(Records contained in a dataset)
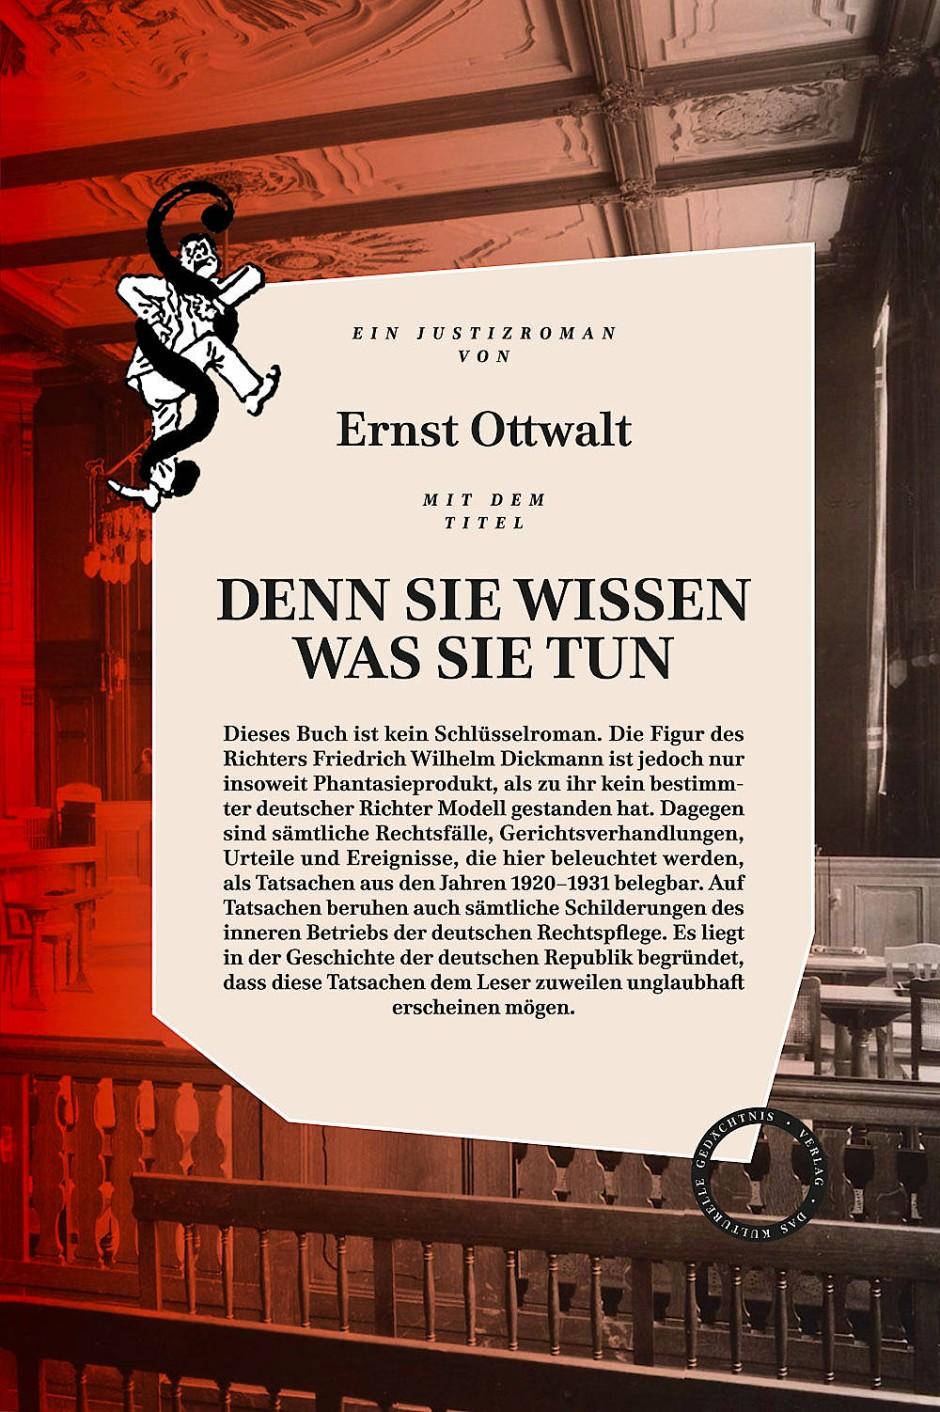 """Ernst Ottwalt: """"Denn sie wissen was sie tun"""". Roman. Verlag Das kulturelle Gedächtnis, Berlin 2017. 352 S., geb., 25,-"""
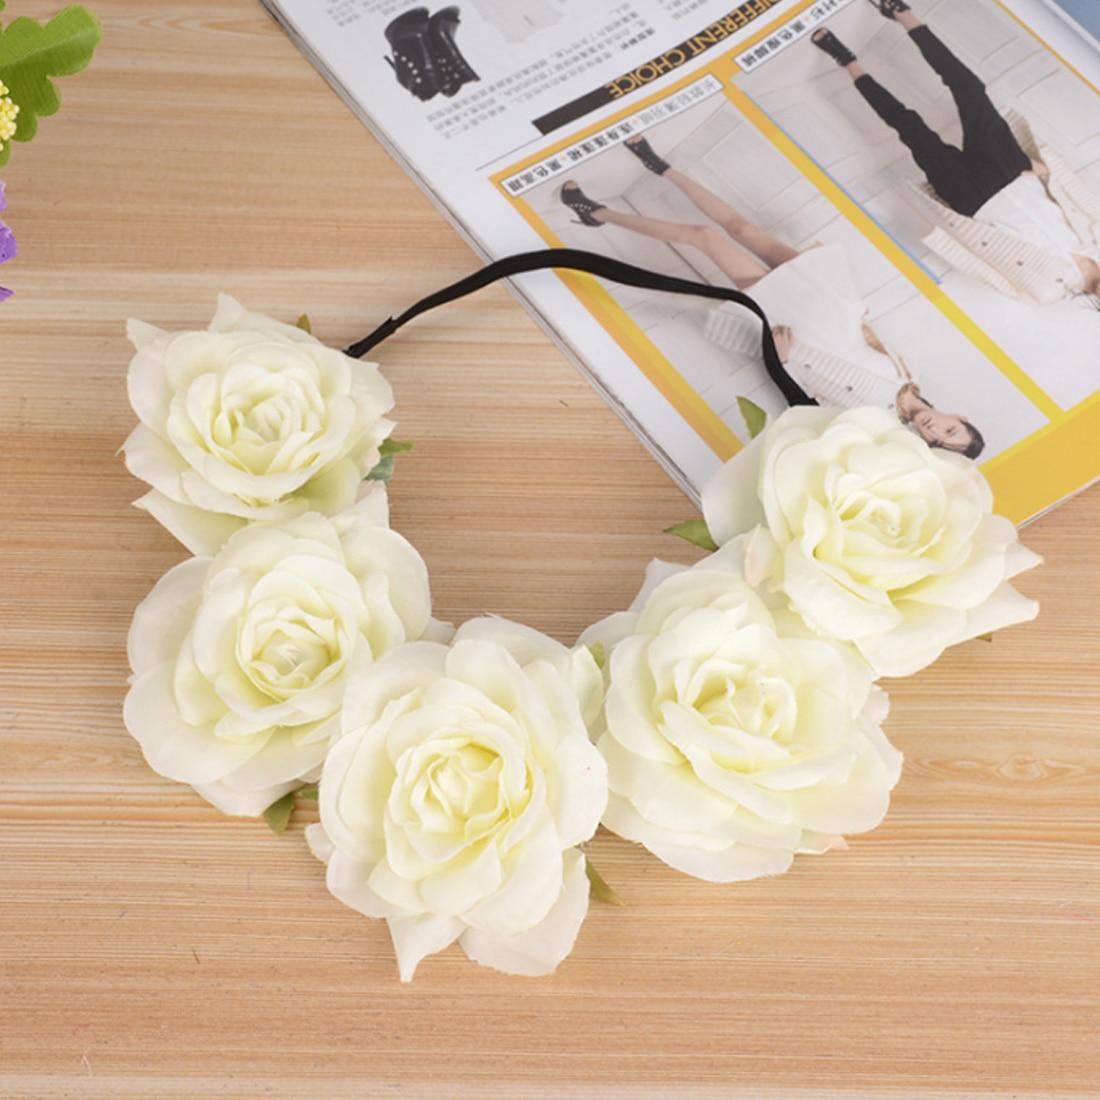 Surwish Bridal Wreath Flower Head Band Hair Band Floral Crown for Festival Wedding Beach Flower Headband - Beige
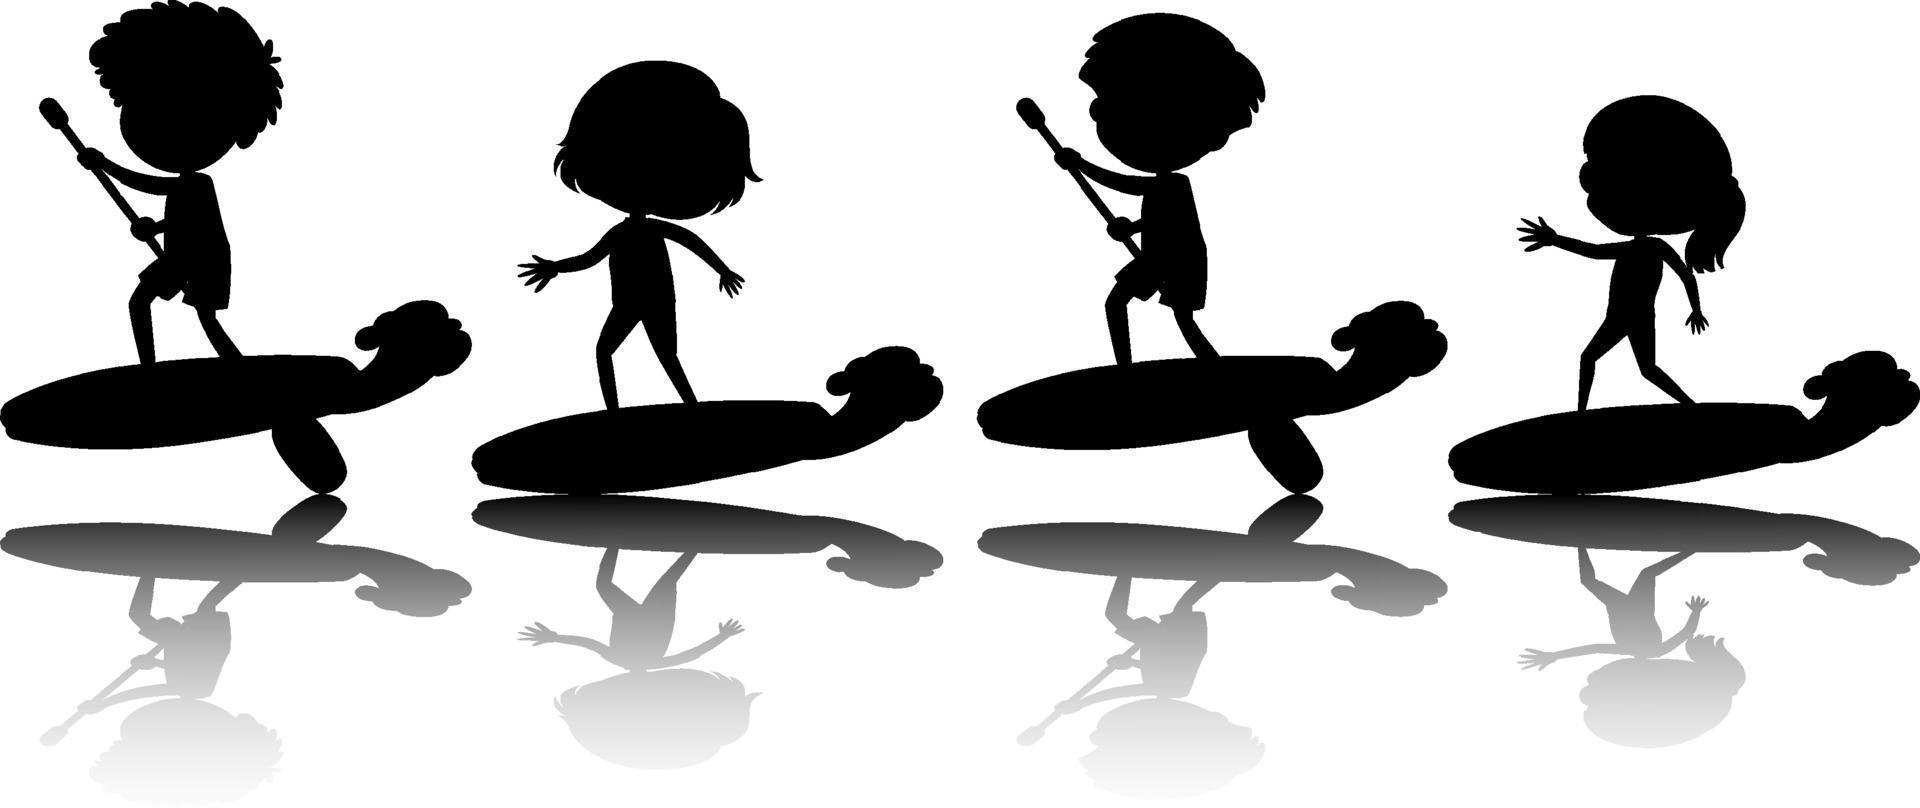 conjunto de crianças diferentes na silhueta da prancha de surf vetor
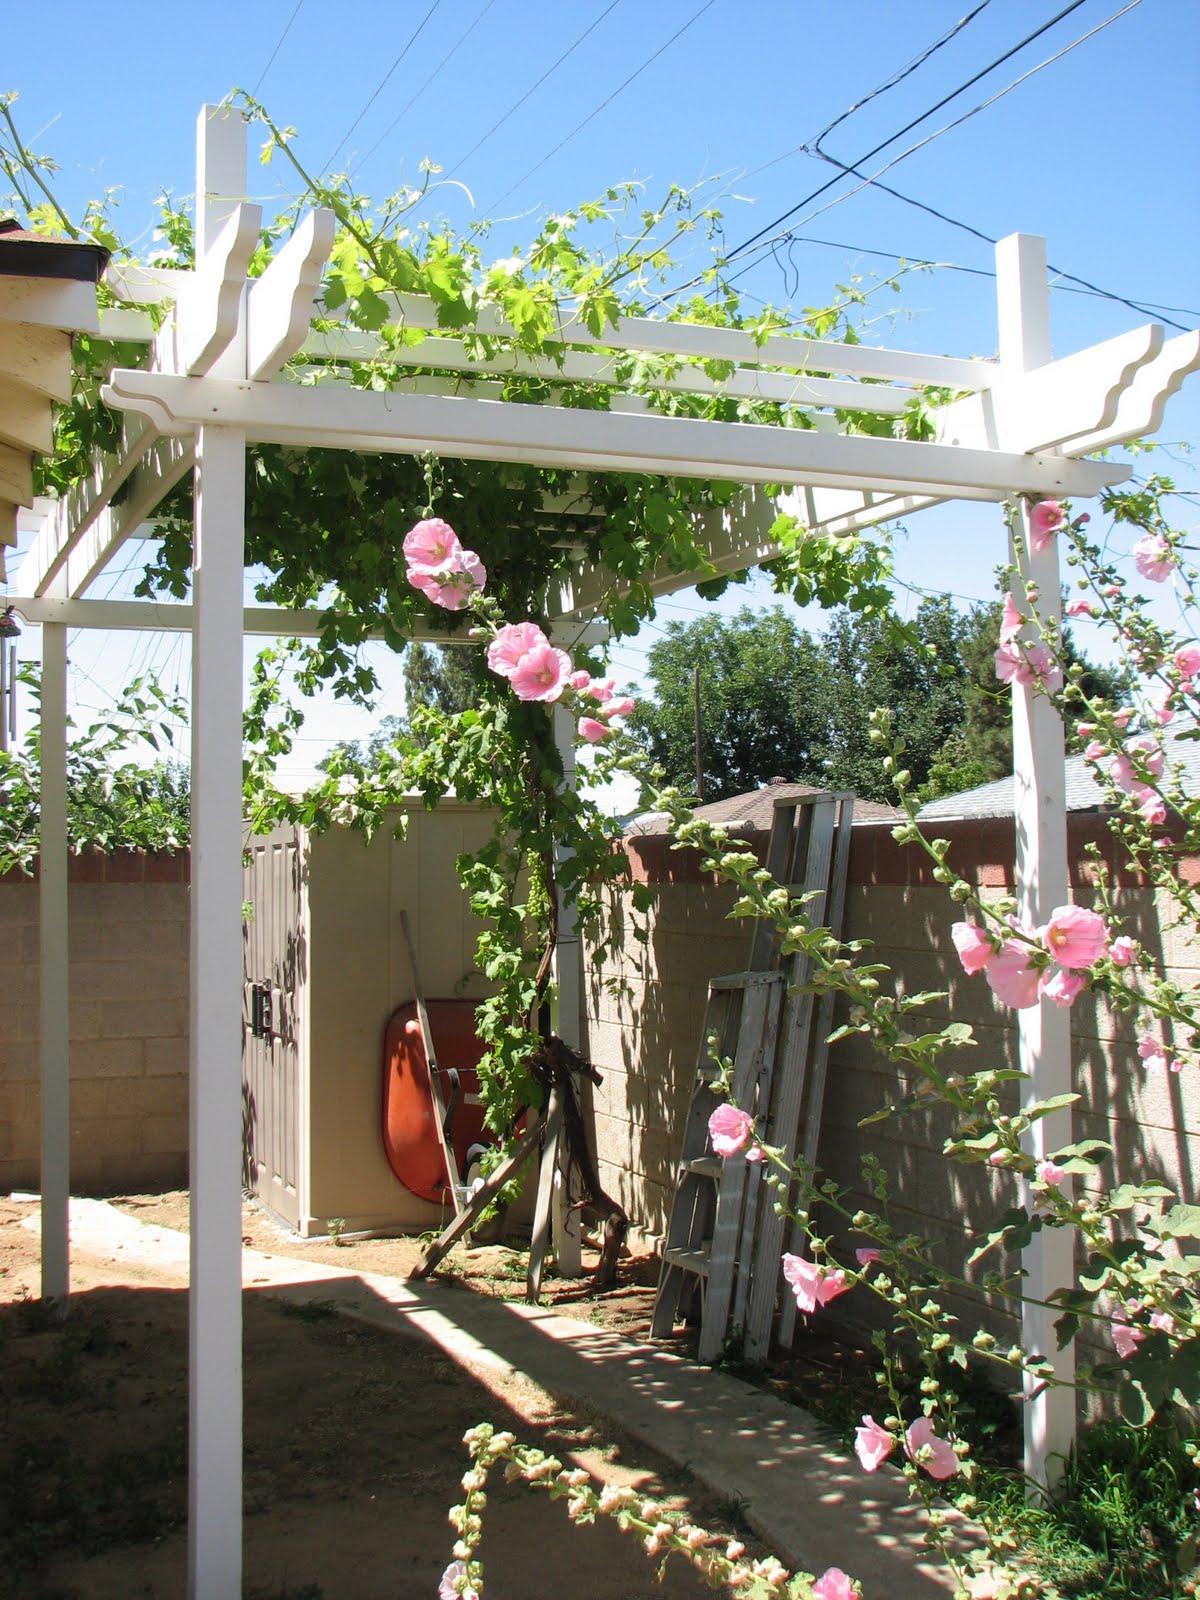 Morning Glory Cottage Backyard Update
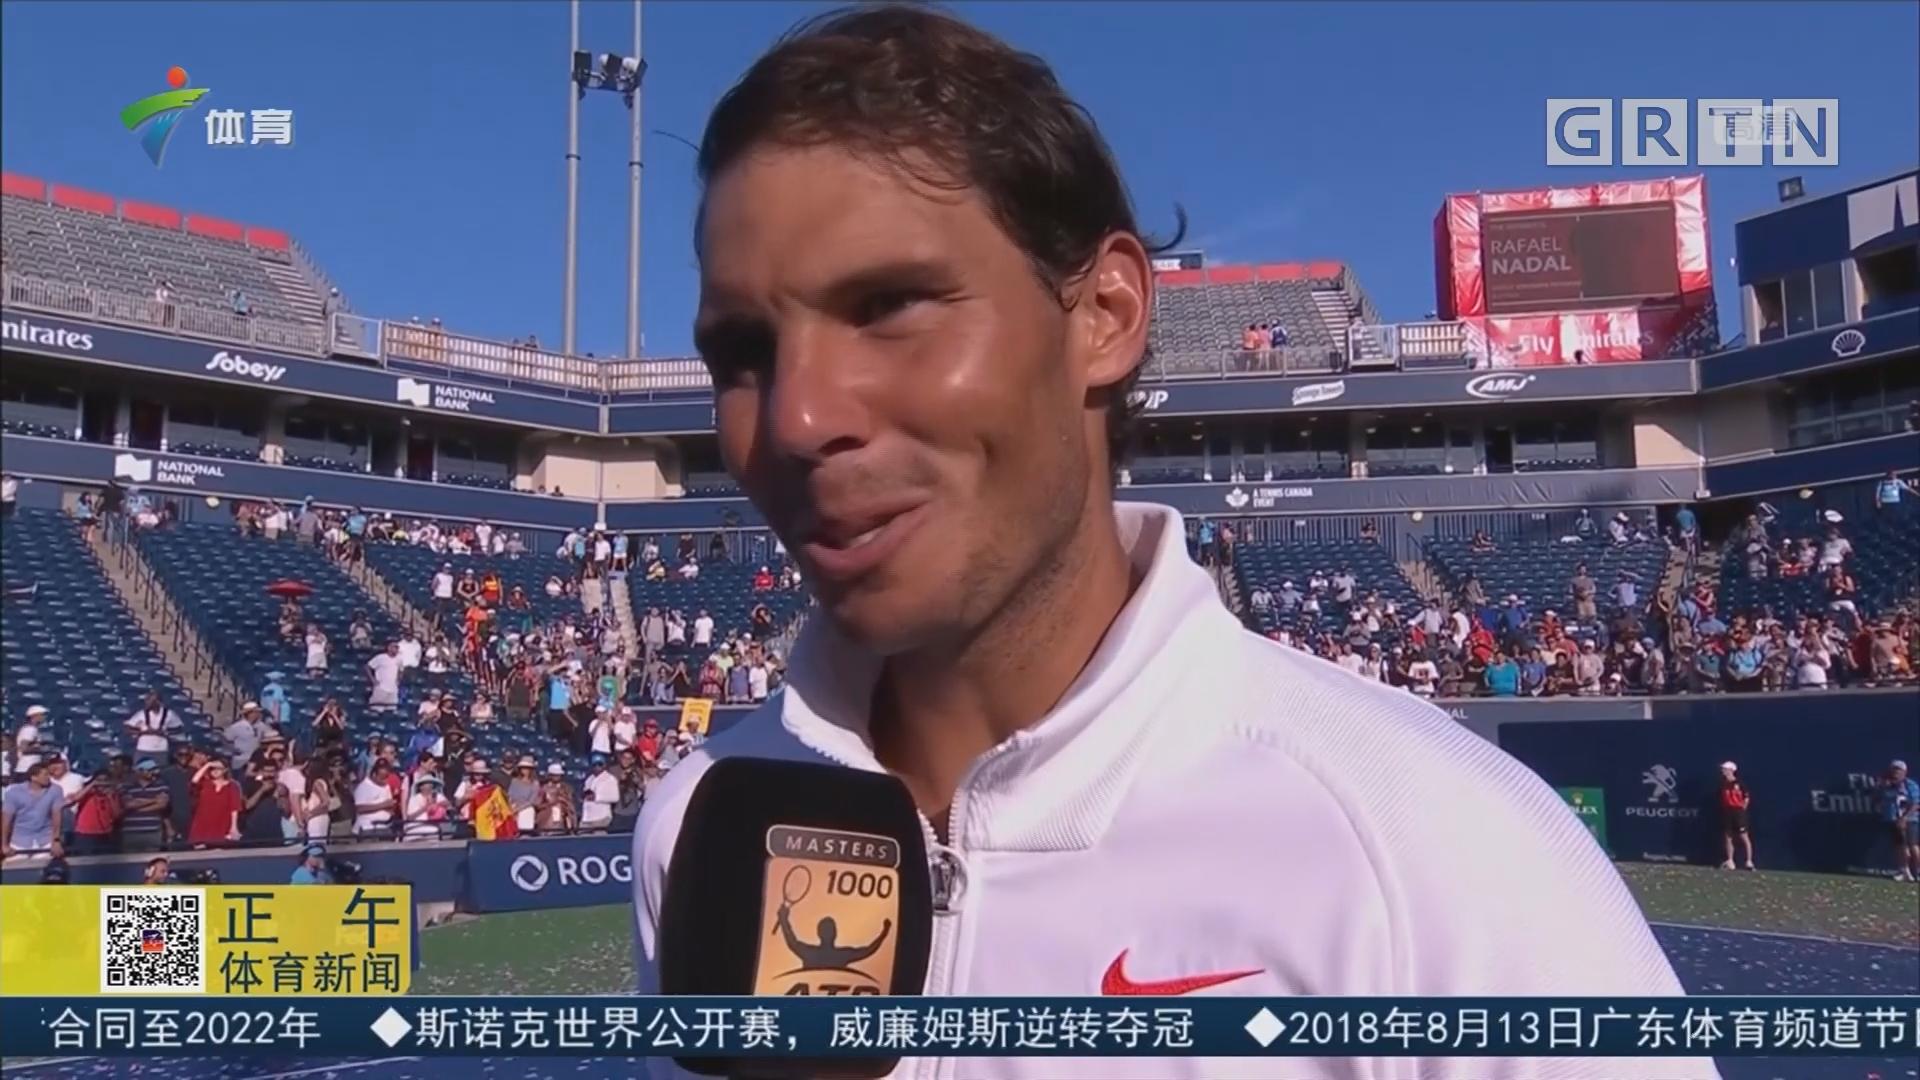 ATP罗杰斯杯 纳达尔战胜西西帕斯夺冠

Problem to work on - What is needed here is each line above set down word for word, minus the images.

Solution for this task -
 """Ernst Ottwalt: """"Denn sie wissen was sie tun"""". Roman. Verlag Das kulturelle Gedächtnis, Berlin 2017. 352 S., geb., 25,-"""
 Surwish Bridal Wreath Flower Head Band Hair Band Floral Crown for Festival Wedding Beach Flower Headband - Beige
 conjunto de crianças diferentes na silhueta da prancha de surf vetor
 Morning Glory Cottage Backyard Update
 ATP罗杰斯杯 纳达尔战胜西西帕斯夺冠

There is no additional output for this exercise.